Requirement
No pictures, please. Copy exactly the lines from the one with "(M)otherhood : On" through the final line below.

Recorded data

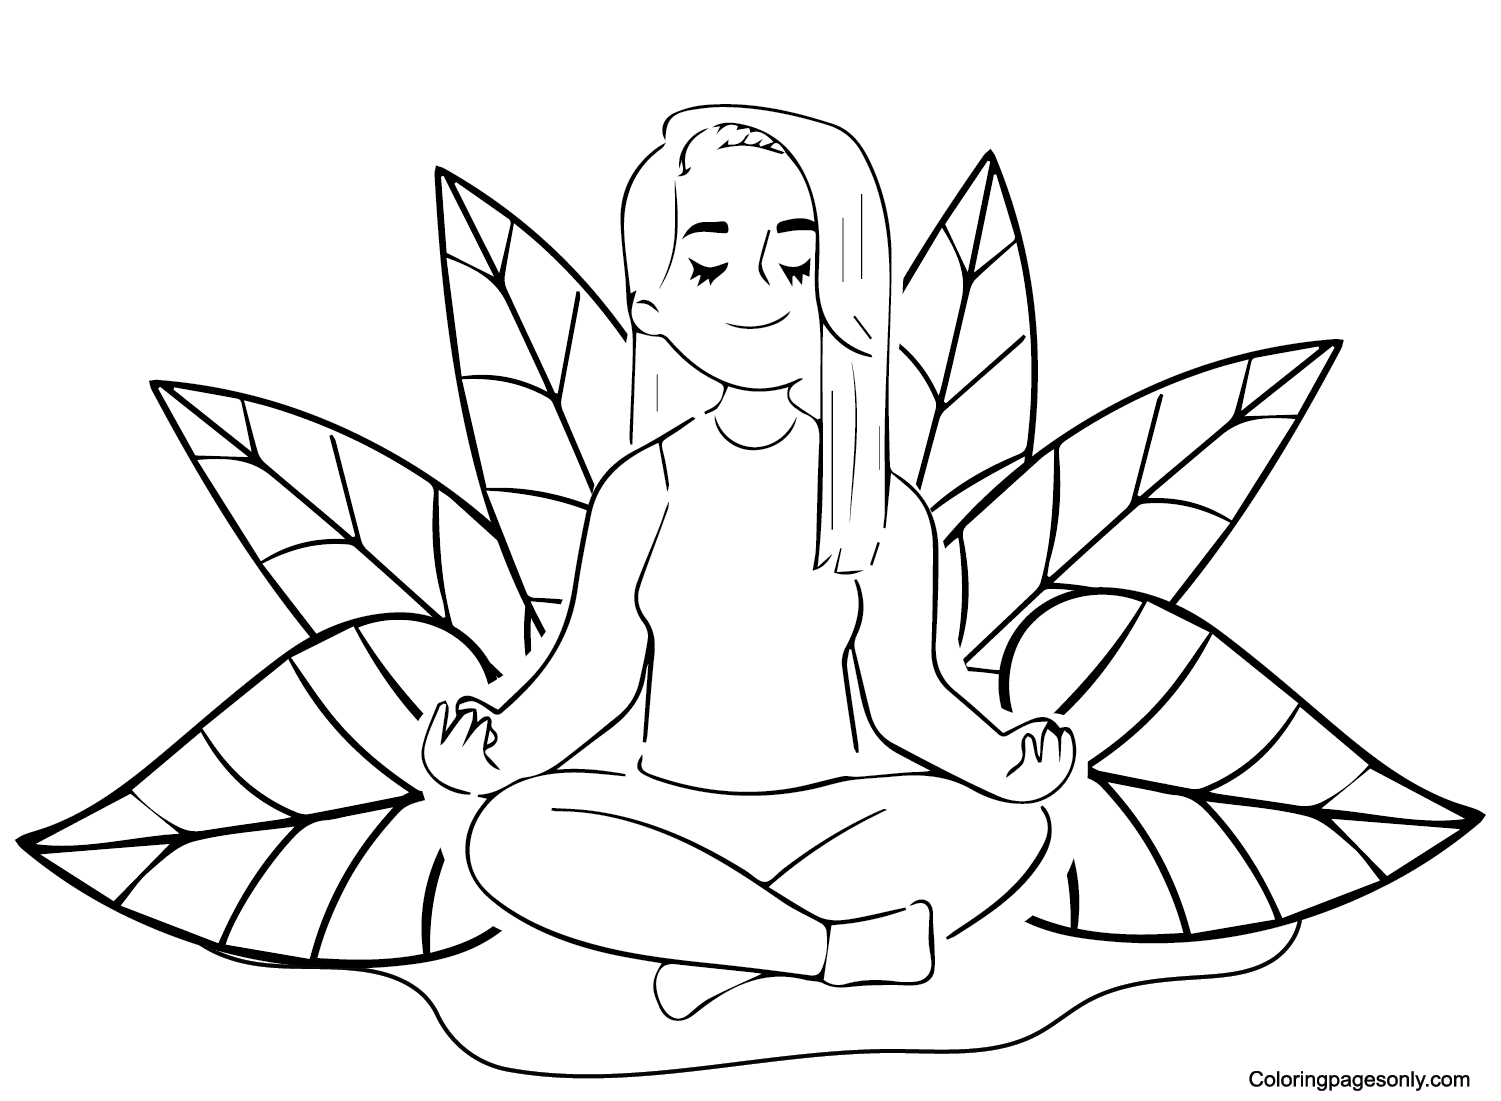 Print Mindfulness Coloring Page
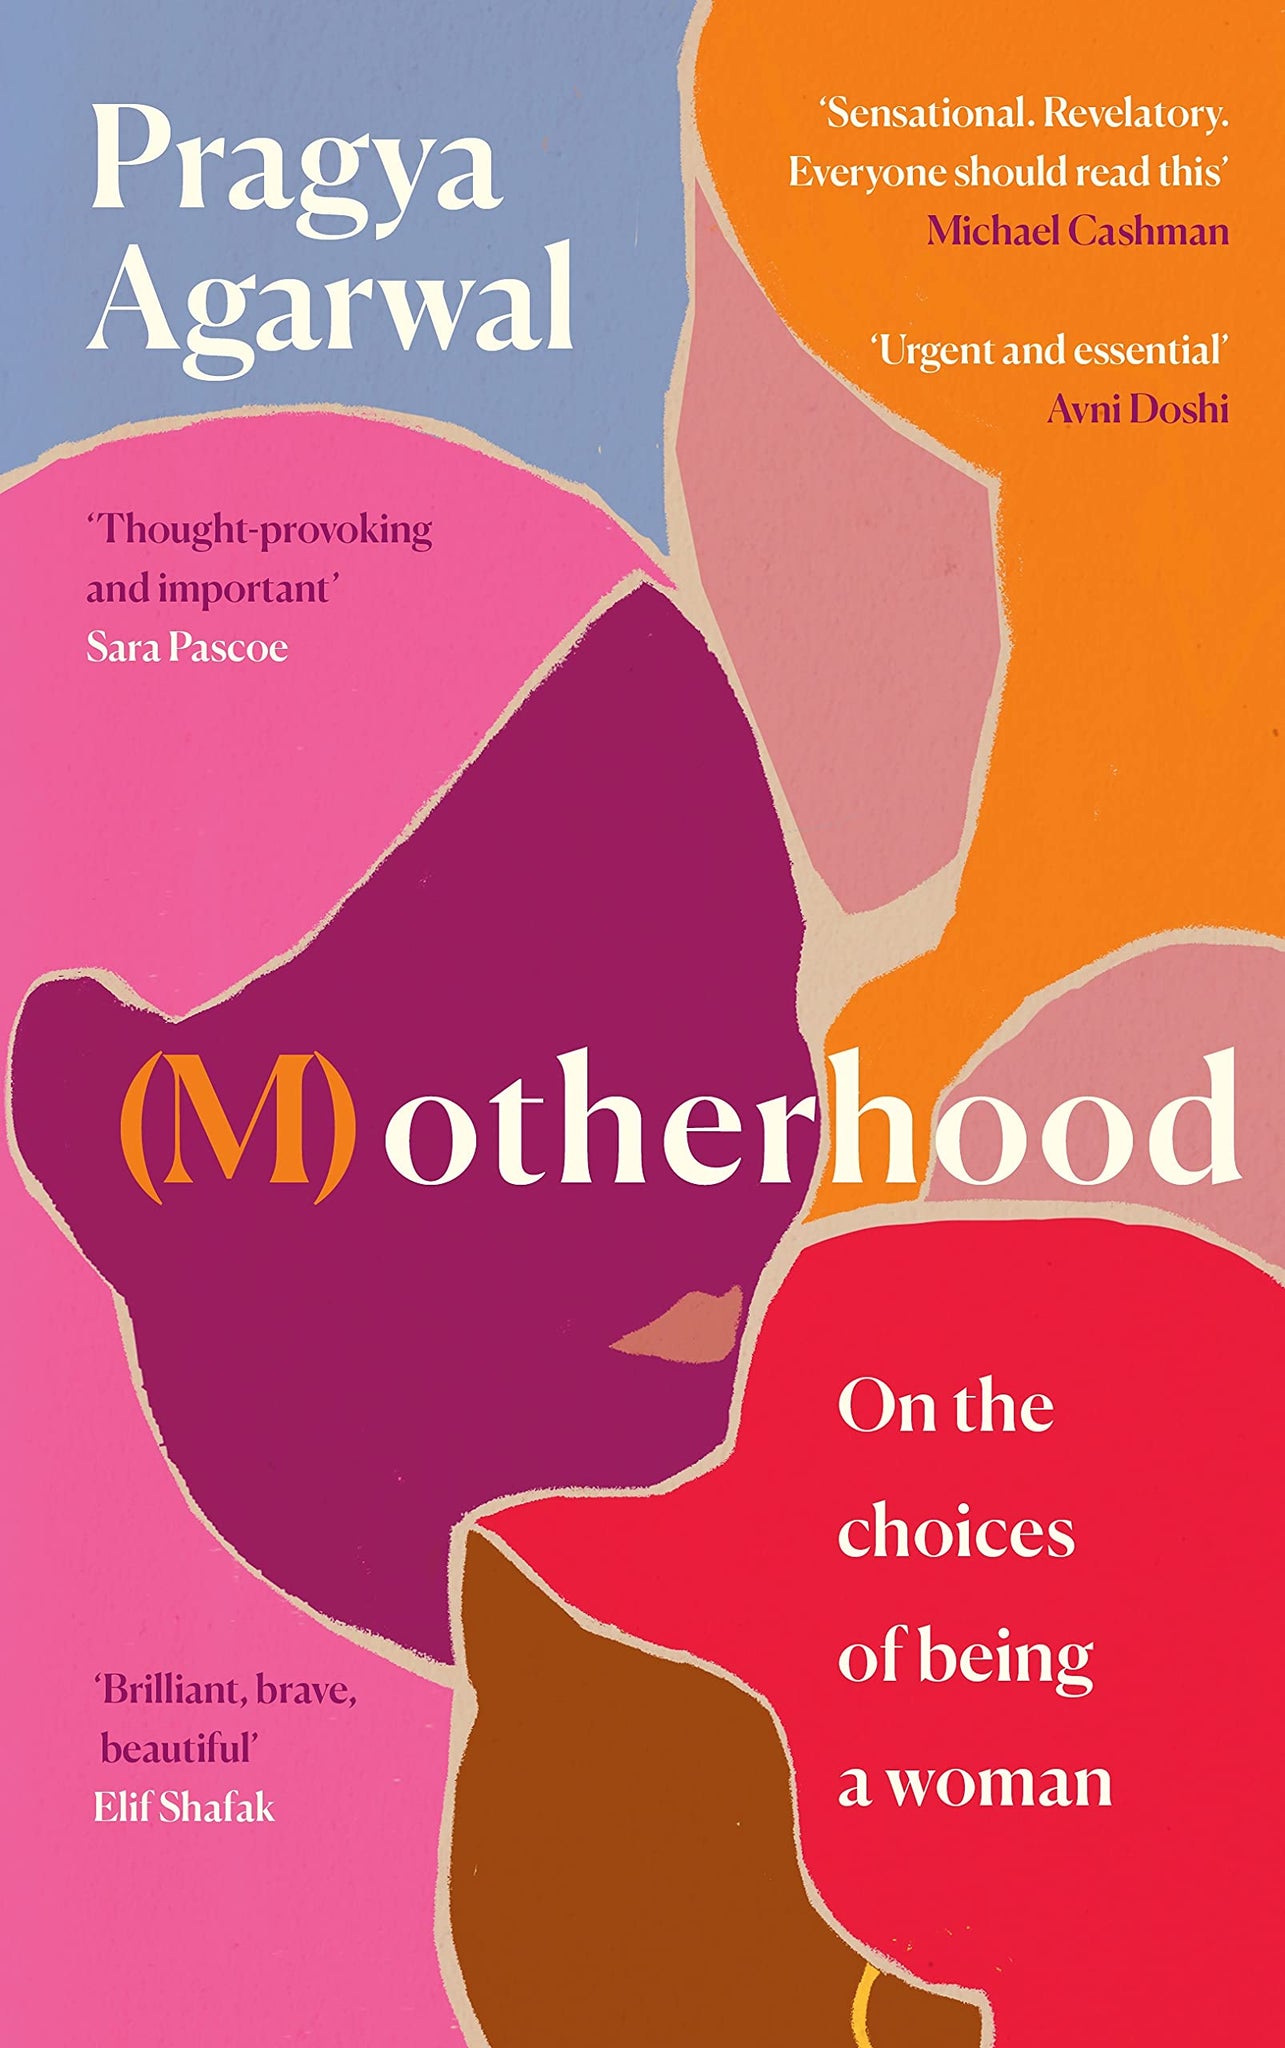 (M)otherhood : On the choices of being a woman - Hardback
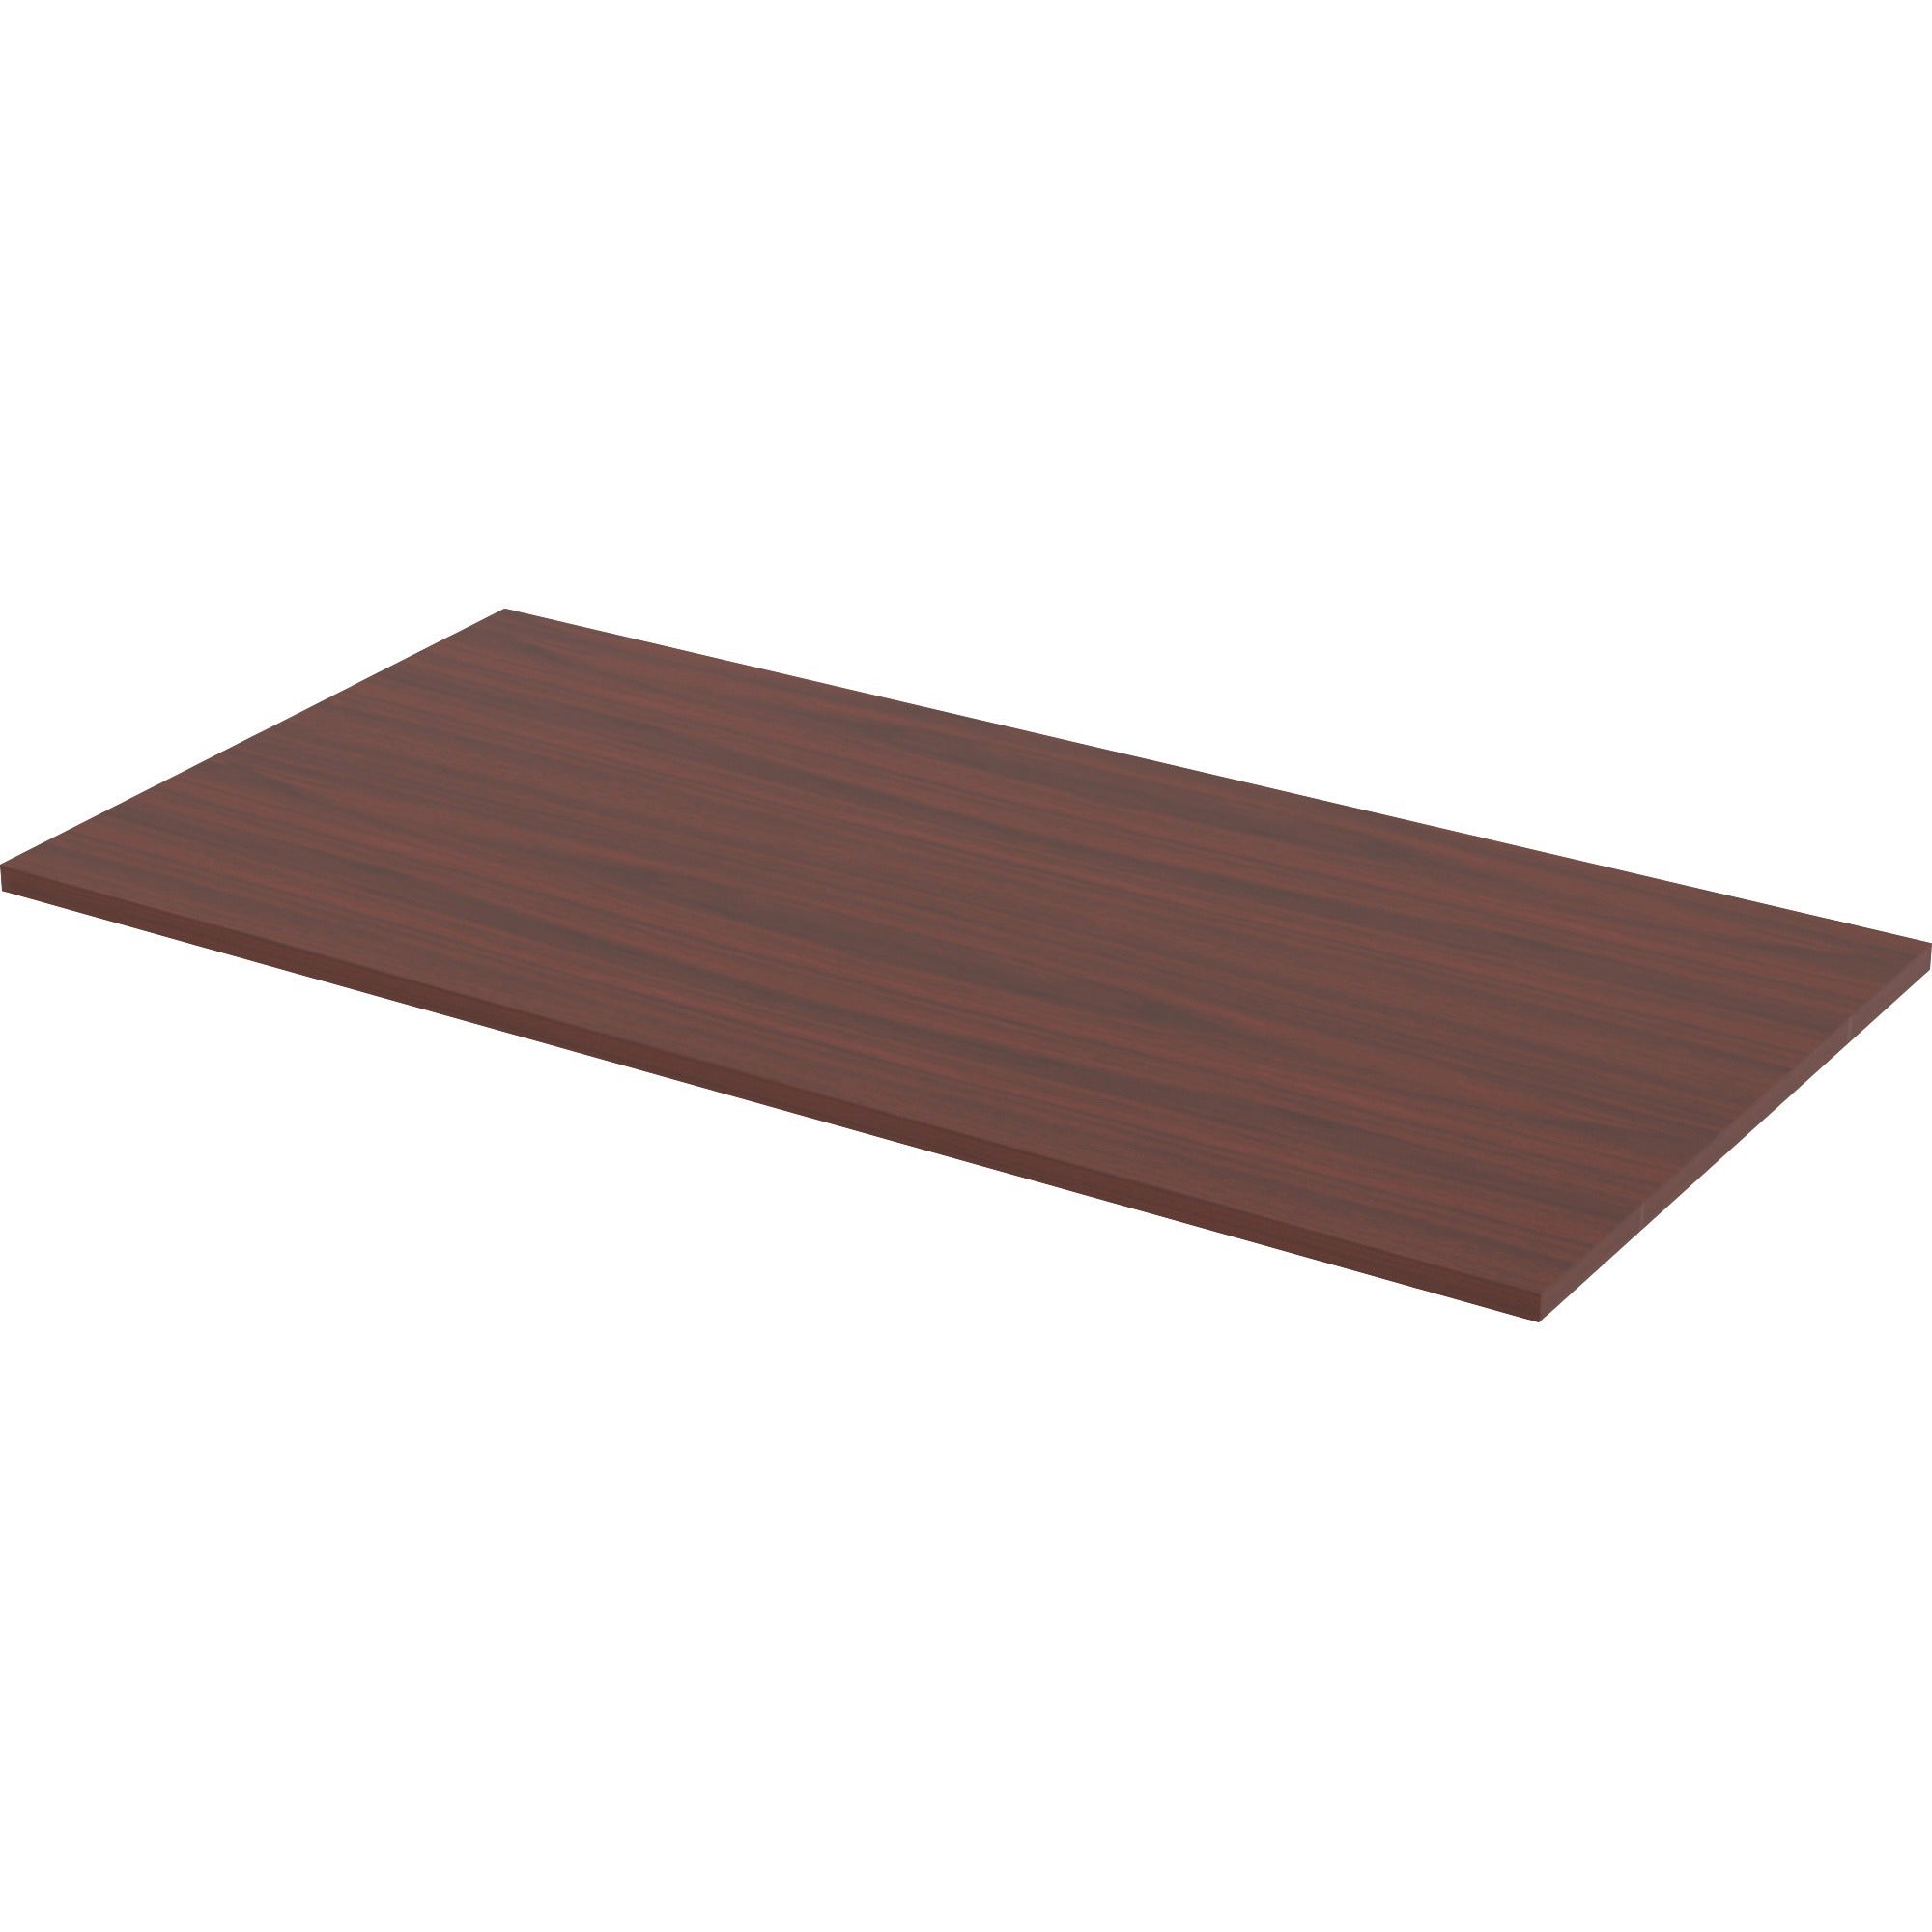 lorell-relevance-series-tabletop-599-x-295-x-1-table-top-straight-edge-finish-mahogany-laminate_llr16200 - 2

Response box
 (M)otherhood : On the choices of being a woman - Hardback
 lorell-relevance-series-tabletop-599-x-295-x-1-table-top-straight-edge-finish-mahogany-laminate_llr16200 - 2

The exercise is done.